Confused ? Welcome to the NEC


----------



## wareagle (Jan 10, 2009)

When installing a recessed fixture, the instructions say to use 90C conductors in the junction that is attached to the fixture. If you remove 12 inches of the covering on romex, can you consider that 12 inches as 90C?


----------



## 480sparky (Sep 20, 2007)

wareagle said:


> When installing a recessed fixture, the instructions say to use 90C conductors in the junction that is attached to the fixture. If you remove 12 inches of the covering on romex, can you consider that 12 inches as 90C?


 
Only if the conductors are marked as such.

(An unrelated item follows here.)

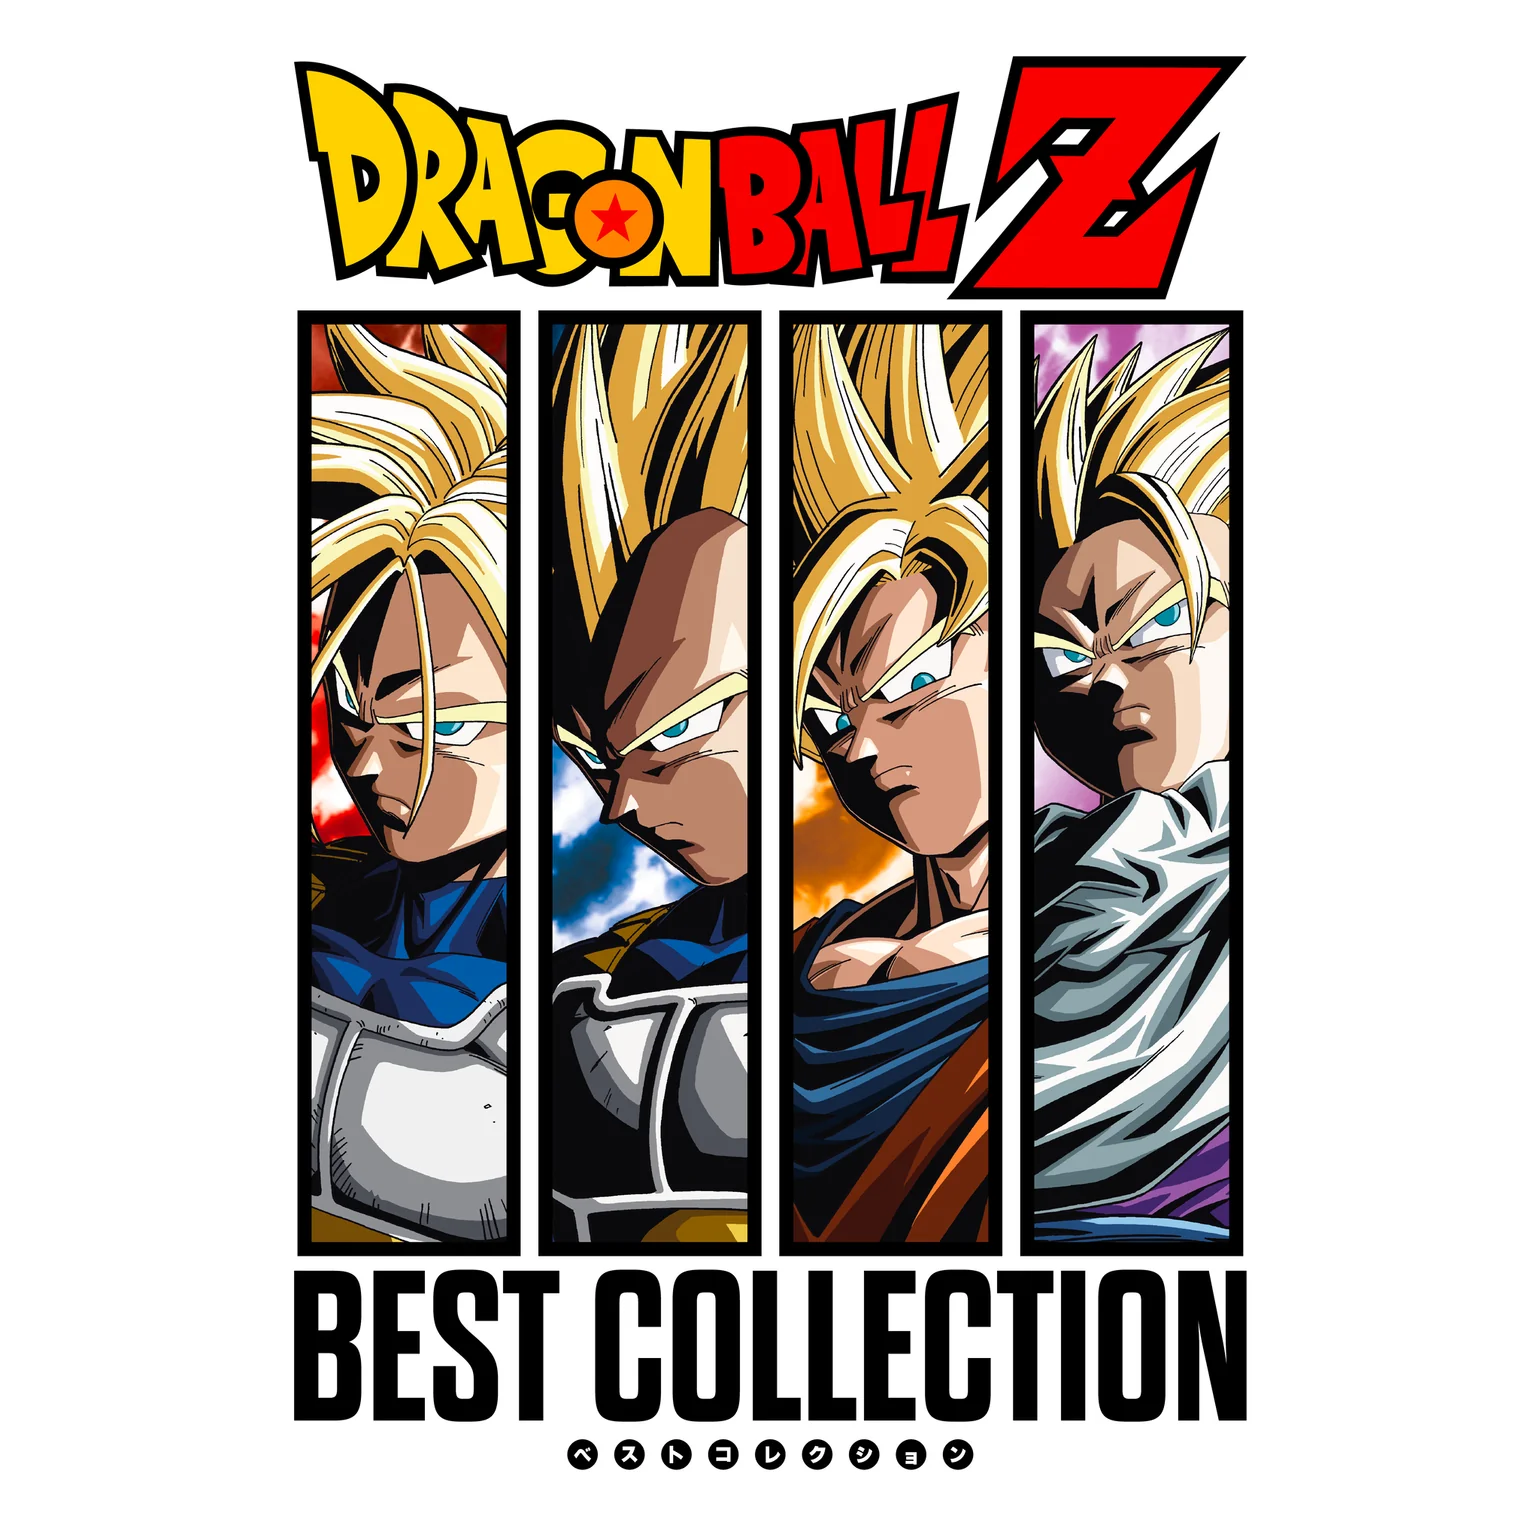 Dragon Ball Z: Best of DVD releases • Kanzenshuu

Good luck with that one. :whistling2:


----------



## Saturday Cowboy (Nov 26, 2009)

Most romex today(NM-B) has 90 deg wire inside.


----------



## william1978 (Sep 21, 2008)

Saturday Cowboy said:


> Most romex today(NM-B) has 90 deg wire inside.


 It is not labeled 90 deg.. Open up a piece of romex and take a look.


----------



## 480sparky (Sep 20, 2007)

Saturday Cowboy said:


> Most romex today(NM-B) has 90 deg wire inside.


 
Per the NEC it's required to be. But take the sheath off the cable, and you end up with nothing more than copper with an unknown cover.


----------



## Saturday Cowboy (Nov 26, 2009)

Since romex is a cable assembly, an't it required only to be "marked/ labeled" on the cable jacket?

And so it goes, R


----------



## Magnettica (Jan 23, 2007)

One thing I have not seen mentioned on this thread that should be mentioned is the reason for derating "more than three current-carrying-conductors" and that reason is heat dissipation. High current, high heat build up within the conductor. Add a few of these high current conductors in the same conduit and then run through a warm room (like a boiler room, or attic), and now you have an issue. 

think heat :thumbsup:


----------



## 480sparky (Sep 20, 2007)

Magnettica said:


> One thing I have not seen mentioned on this thread that should be mentioned is the reason for derating "more than three current-carrying-conductors" and that reason is heat dissipation. High current, high heat build up within the conductor. Add a few of these high current conductors in the same conduit and then run through a warm room (like a boiler room, or attic), and now you have an issue.
> 
> think heat :thumbsup:


 
Mebbe post #4?


----------



## joebell (Sep 1, 2007)

manchestersparky said:


> Derate from the 90 degree column
> do not exceed the ampacity in the 75 degree column
> UNLESS
> it's NM Cable then do not exceed the ampacity in the 60 degree column
> ...


 
I thought 110.14(C)(1) requires it not to exceed the 60 degree column for 100 amps or less or size 14 thru #1, and 75 degree for over 100 amps, unless of course you are using romex and then you are limited to the 60 degree column.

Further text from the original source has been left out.